Süt Annelik Güvenli mi? Uzmanlardan Kritik Hastalık Riski Uyarısı

Anne Sütünün Önemi ve Toplumsal Destek

Birleşmiş Milletler Çocuklara Yardım Fonu (UNICEF) ve Dünya Sağlık Örgütü (DSÖ), emzirmenin bebek sağlığı için kritik önem taşıdığını ve 2030 Sürdürülebilir Kalkınma Hedefleri arasında önemli bir yer tuttuğunu vurguluyor. Dünya genelinde 6 aydan küçük bebeklerin sadece yüzde 48’i anne sütüyle beslenirken, bu oranın artırılması için hükümetler çeşitli politikalar geliştiriyor.

Zeynep Kamil Kadın ve Çocuk Hastalıkları Eğitim ve Araştırma Hastanesi Yenidoğan Uzmanı Prof. Dr. Sevilay Topçuoğlu, 1-7 Ağustos Dünya Emzirme Haftası vesilesiyle yaptığı açıklamada, anne sütünün “mucize bir besin” ve “ilk aşı” olduğunu belirtti.

“Bebeğin emzirilmesi sadece annenin sorumluluğunda olmamalı. Toplumsal olarak annelere destek olup emzirmeyi kolaylaştırmalıyız. Bu, sağlıklı nesiller yetiştirmek için yapabileceğimiz en önemli katkıdır.”

Kontrolsüz ‘Süt Annelik’ Uygulamasının Riskleri

Uzmanlar, bebeğin kendi annesinin sütüyle beslenmesinin en ideal yöntem olduğunu belirtiyor. Prof. Dr. Topçuoğlu, özellikle 1,5 kilogramın altındaki prematüre bebeklerde anne sütünün olmaması durumunda donör anne sütü kullanımının gündeme gelebileceğini, ancak bunun ciddi şartları olduğunu ifade etti.

Topçuoğlu, bu konuda şu kritik uyarılarda bulundu: “Donör sütü, profesyonel kaynaklardan, yani anne sütü bankacılığı sistemiyle temin edilmelidir. Sütü veren annenin enfeksiyonlar, kullandığı ilaçlar ve tıbbi durumu açısından kontrol edilmesi zorunludur. Kontrolsüz temin edilen bir sütün kullanılması faydadan çok zarar getirebilir. Süt alındıktan sonra pastörize edilerek bebeğe verilmelidir. Ülkemizde bu sistem olmadığı için ‘süt annelik’ uygulamasını rutin olarak önermiyoruz.”

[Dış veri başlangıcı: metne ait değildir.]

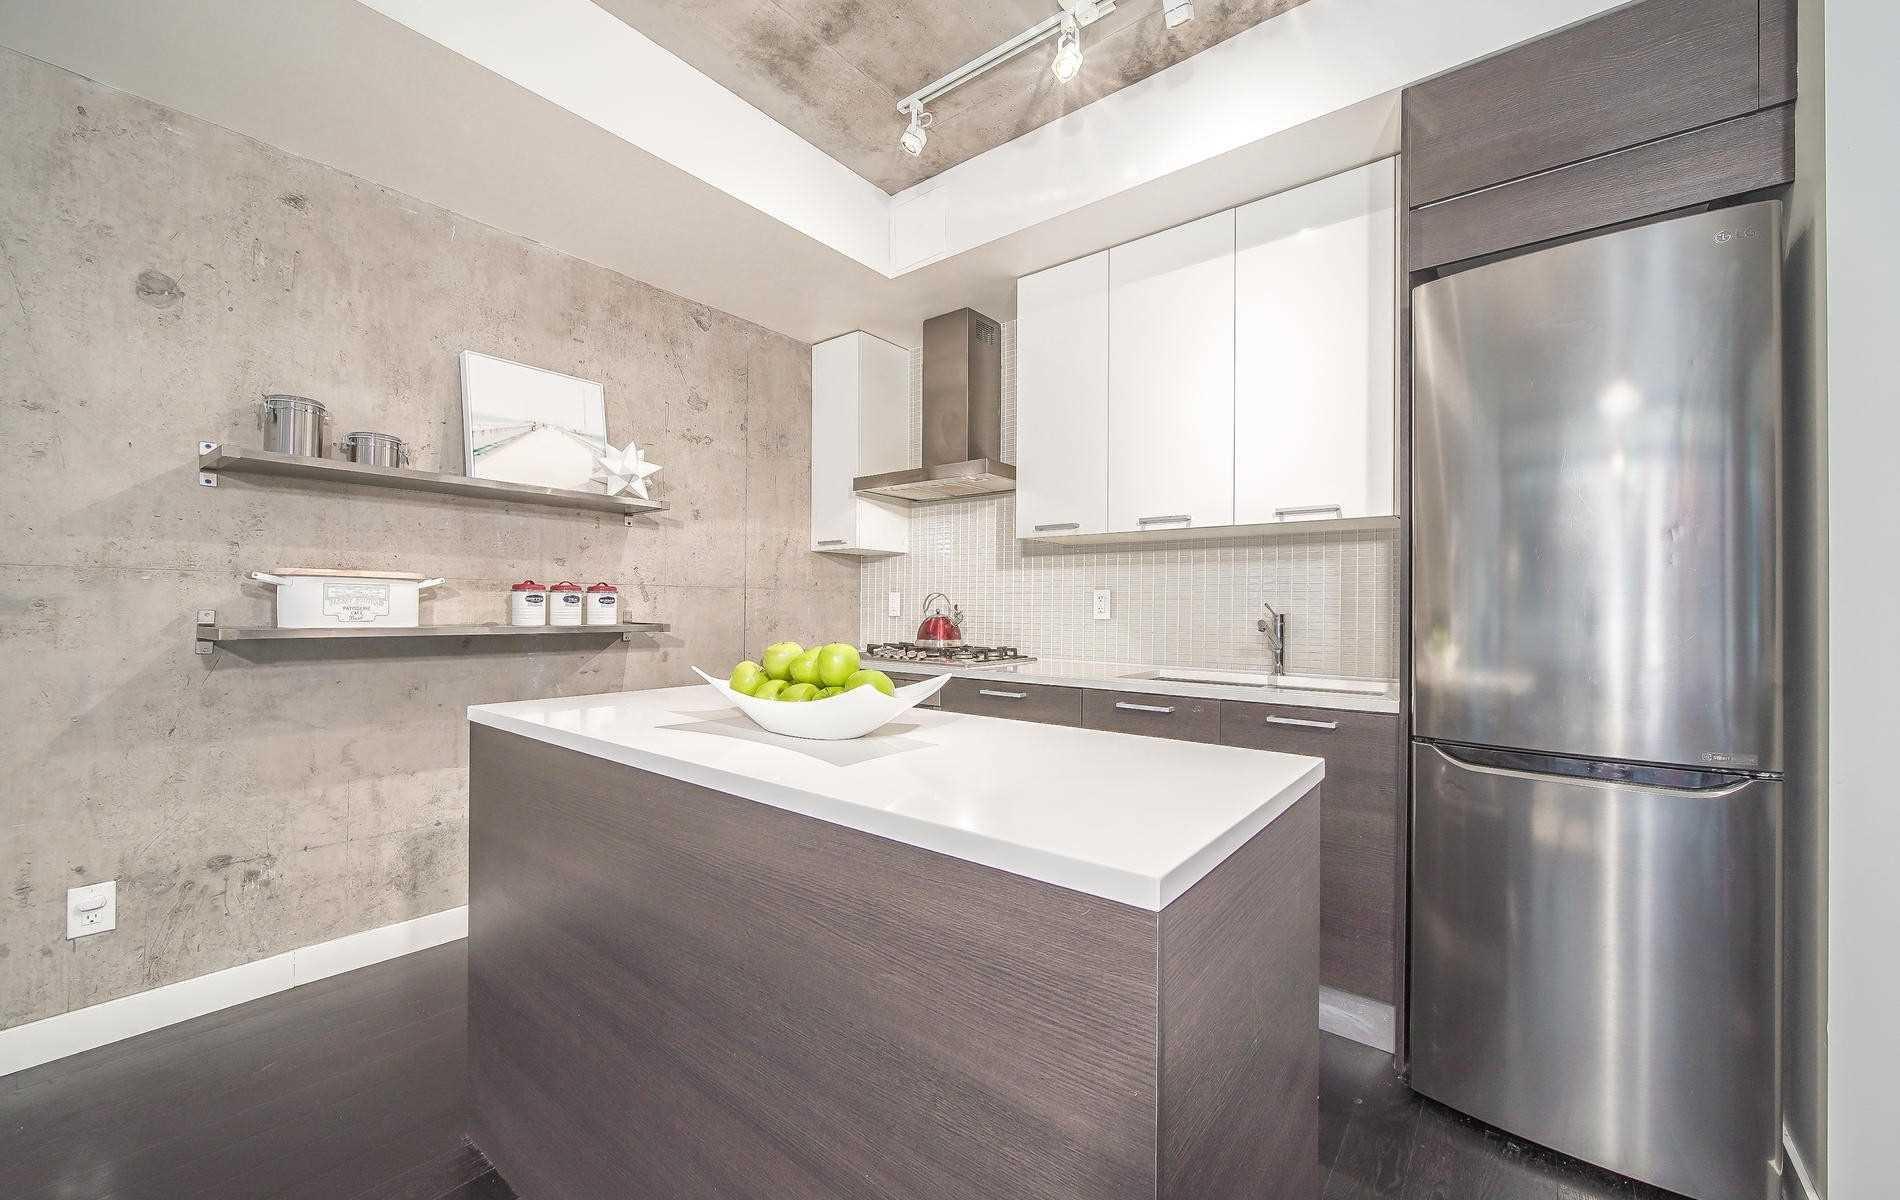 Photo 9: Photos: 408 90 Broadview Avenue in Toronto: South Riverdale Condo for sale (Toronto E01)  : MLS®# E4482454

Emzirme Oranları ve Hedefler

Anne sütüyle beslenme konusunda küresel ve ulusal hedeflerin gerisinde olunduğuna dikkat çeken Topçuoğlu, mevcut durumu şöyle özetledi:

  • DSÖ 2025 Hedefi: Bebeklerin en az %50’sinin ilk 6 ay sadece anne sütü alması.
  • Mevcut Durum (Dünya): Bu oran dünya genelinde %44 seviyesinde.
  • Mevcut Durum (Türkiye): Ülkemizde ise oran %40 civarında.
  • Emzirme Süresi: Türkiye’de ortalama emzirme süresi 17 ay iken, hedeflenen süre en az 24 aydır.

Sağlık Bakanlığı’nın bu oranları artırmak için sağlık çalışanları ve ailelere yönelik bilgilendirme çalışmalarını sürdürdüğünü de ekledi.

Anne Sütü: Besinden Çok Daha Fazlası

Hastanenin Yenidoğan Yoğun Bakımı Uzmanı Doç. Dr. Emre Dinçer ise anne sütünün sadece bir besin olmadığını, içerdiği bağışıklık ögeleriyle bebekleri birçok kronik hastalığa karşı koruduğunu belirtti. Dinçer, anne sütünün anne-bebek bağını güçlendirdiğini ve annenin kendine yeterlilik hissini artırarak doğum sonrası depresyonu önlemede önemli bir rol oynadığını vurguladı.

“Anne emzirmeye, bebek ise emmeye programlı şekilde doğar. Annelerin yapması gereken tek şey stresten arınıp bu doğal akışa kendini bırakmaktır.”

Doç. Dr. Dinçer, anne sütünün dinamik yapısına dikkat çekerek, “Bebeğin ağzından anneye geçen sinyallerle sütün içeriği değişir. Eğer bebeğin bir boğaz enfeksiyonu varsa, anne vücudu bu enfeksiyona karşı antikorlar üretir ve bu antikorları süt yoluyla bebeğe geçirerek onun iyileşmesine yardımcı olur. Bu nedenle başka bir annenin sütü, o bebeğin spesifik ihtiyaçlarını karşılayamaz,” dedi.